In steering toward the point that he wants to reach, he comes at it at about a 45 degree angle, then he tacks, or turns his boat about 90 degrees in the other direction, and after traveling in that direction for a ways, he tacks again back to his original angle.
So what about those ancient multi-masted, multi-sail ships sailed by the likes of Columbus and Magellan? Do they work the same way or does having all those sails confound those principles? For that, I asked Jan Miles, captain of the Pride of Baltimore 2, which is a multi-masted, multi-sail ship. The Pride of Baltimore 2 was built in 1988, and Miles has been its captain from day one. The Pride of Baltimore 2 was built using the same plans as privateer vessels built by the Americans for the War of 1812.

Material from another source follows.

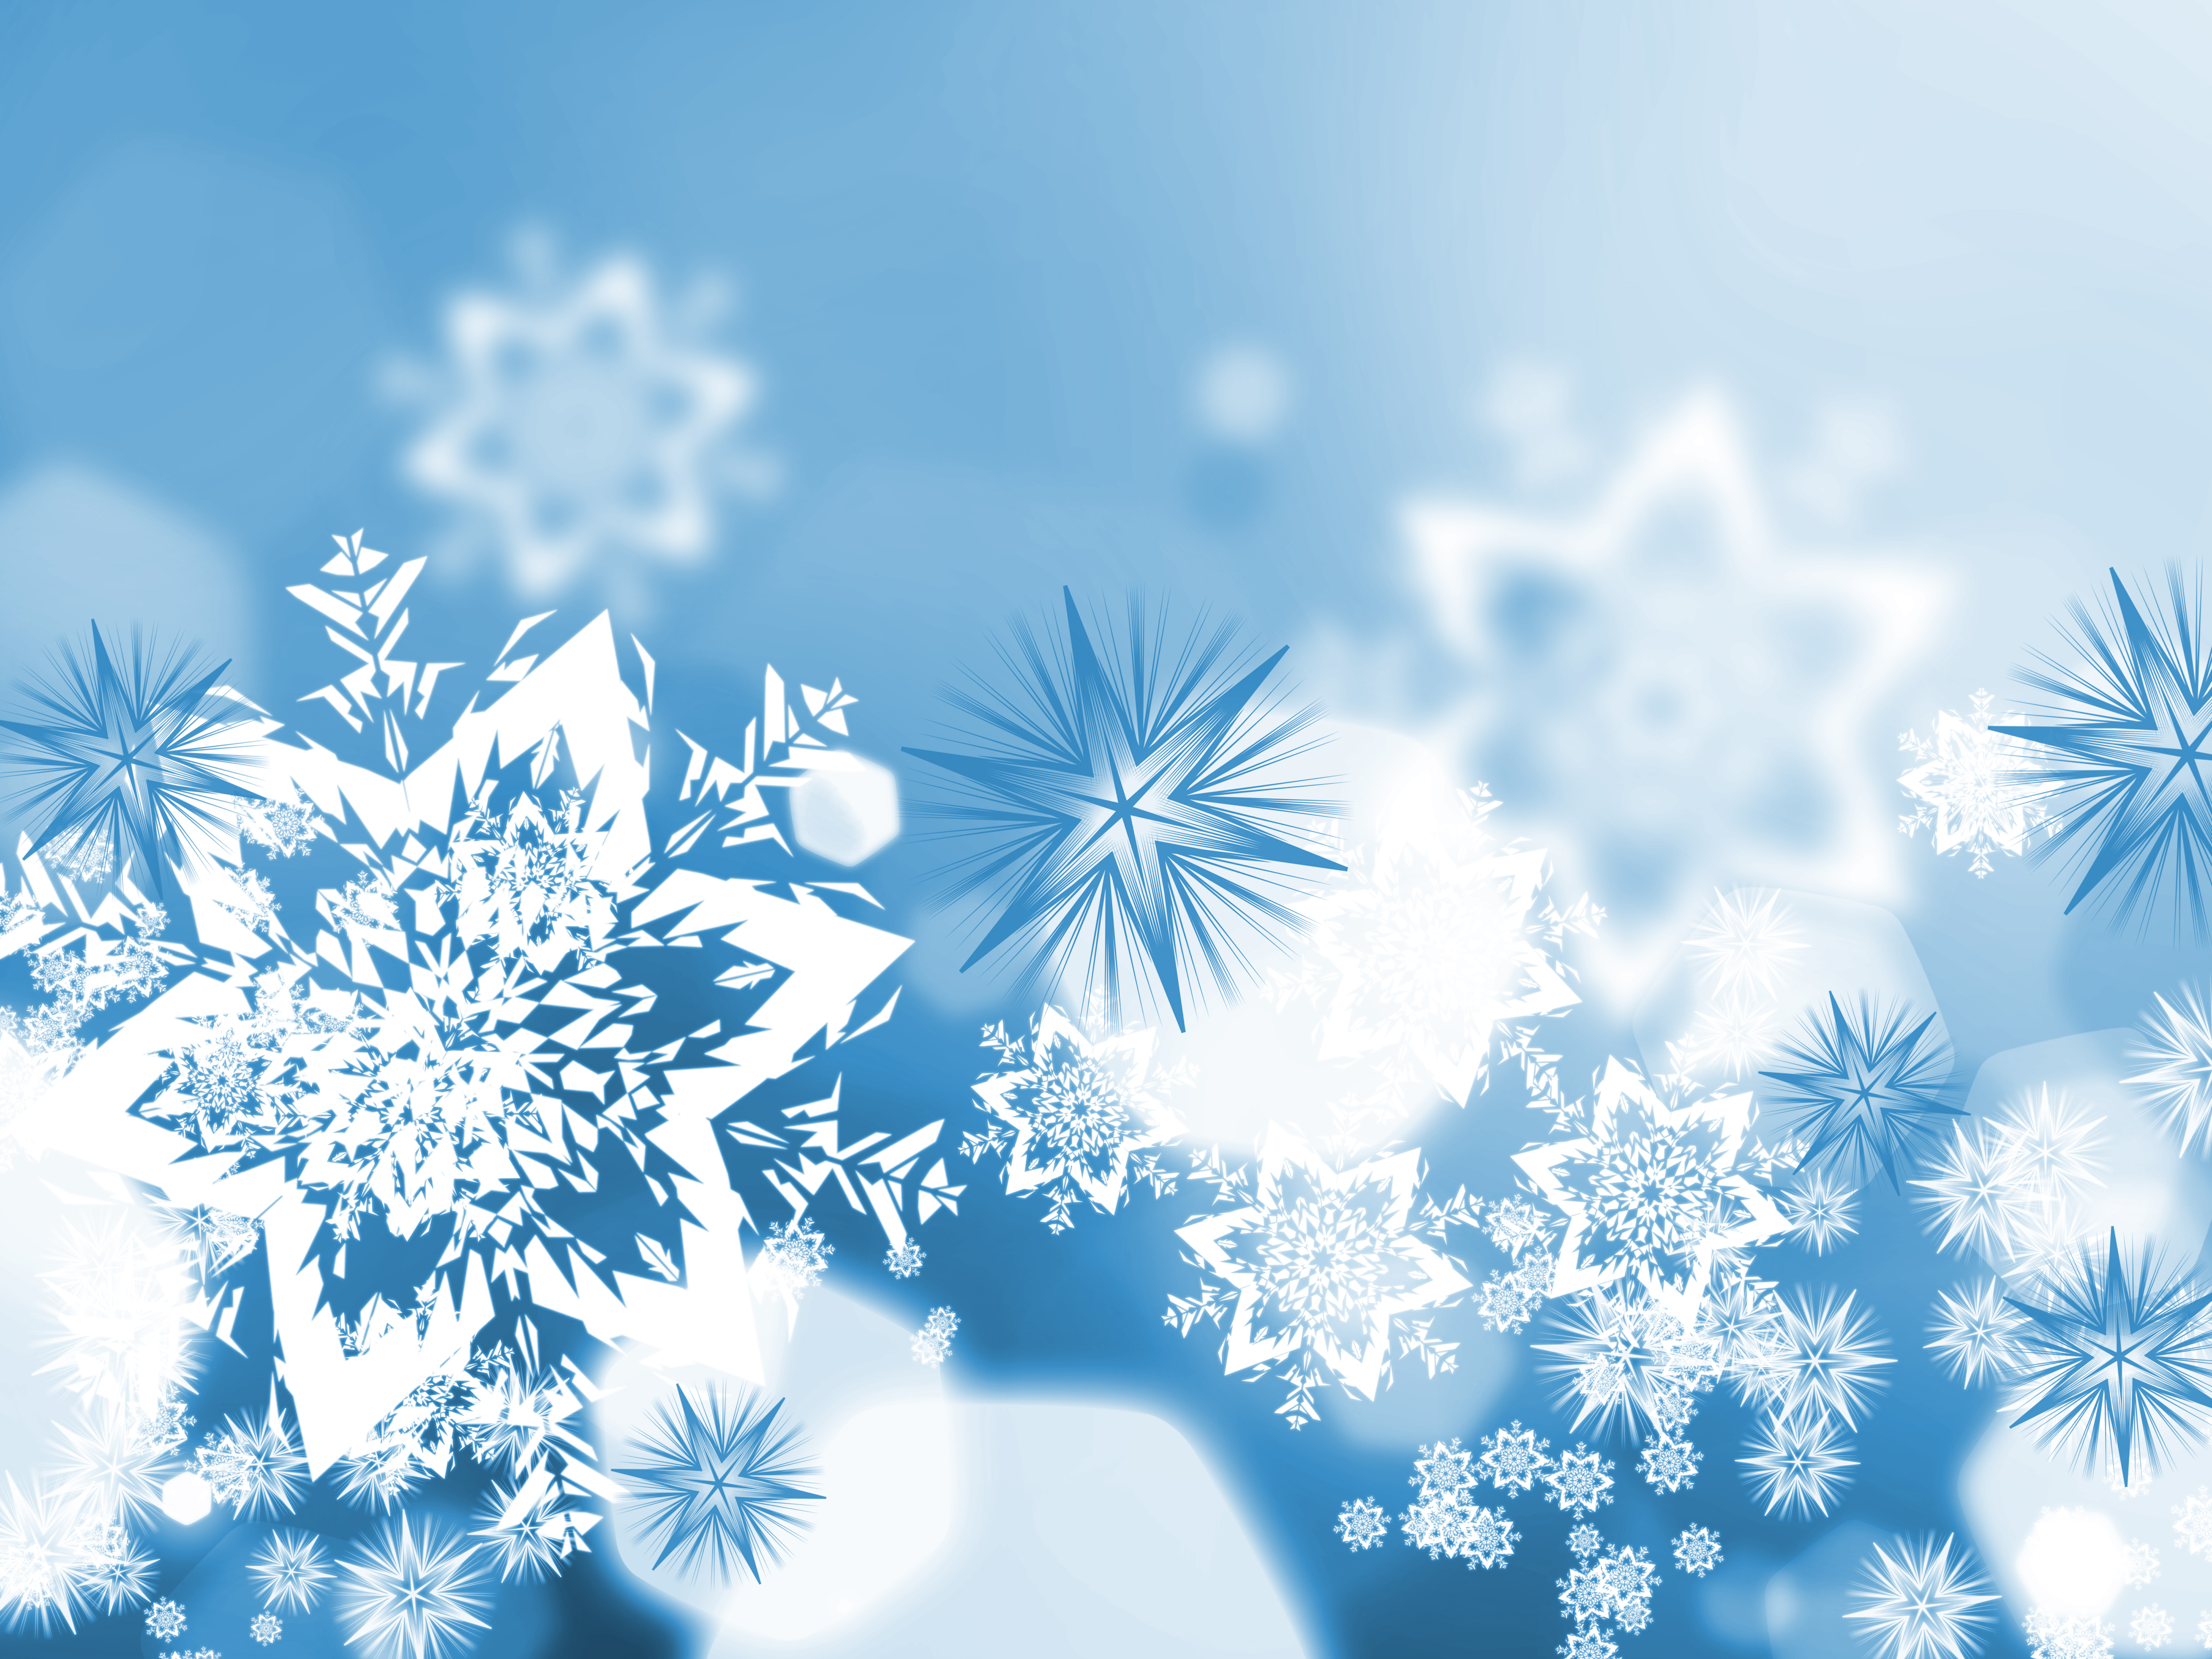 Xmas Snowflakes Background Psdgraphics

Miles explains that the hydrodynamics and aerodynamics of a square-rigged (they use square sails) tall ship are the same as today’s smaller, single-sail boats. But, while the principles may be the same, the practice is a quite a bit different. The multi-masted ships still form and position their sails into an airfoil shape, they still rely on the keel’s counter force, they just don’t get the same results as today’s modern sailboats.
Ancient mariners had a basic working knowledge of how wind powered their ship and how to position their sail and their ship to best take advantage of it, but they didn’t understand the physics of an airfoil and how it works.
Today’s modern boats are built with airfoil technology maximized into their design. Modern sails are cut to form the most efficient airfoil. Same goes for their keels. Ancient sails and keels were not.
“Modern sailboats can sail into the wind at an angle as close as 45 degrees,” Miles says. “The old ships could only sail into the wind at about 60 degrees.”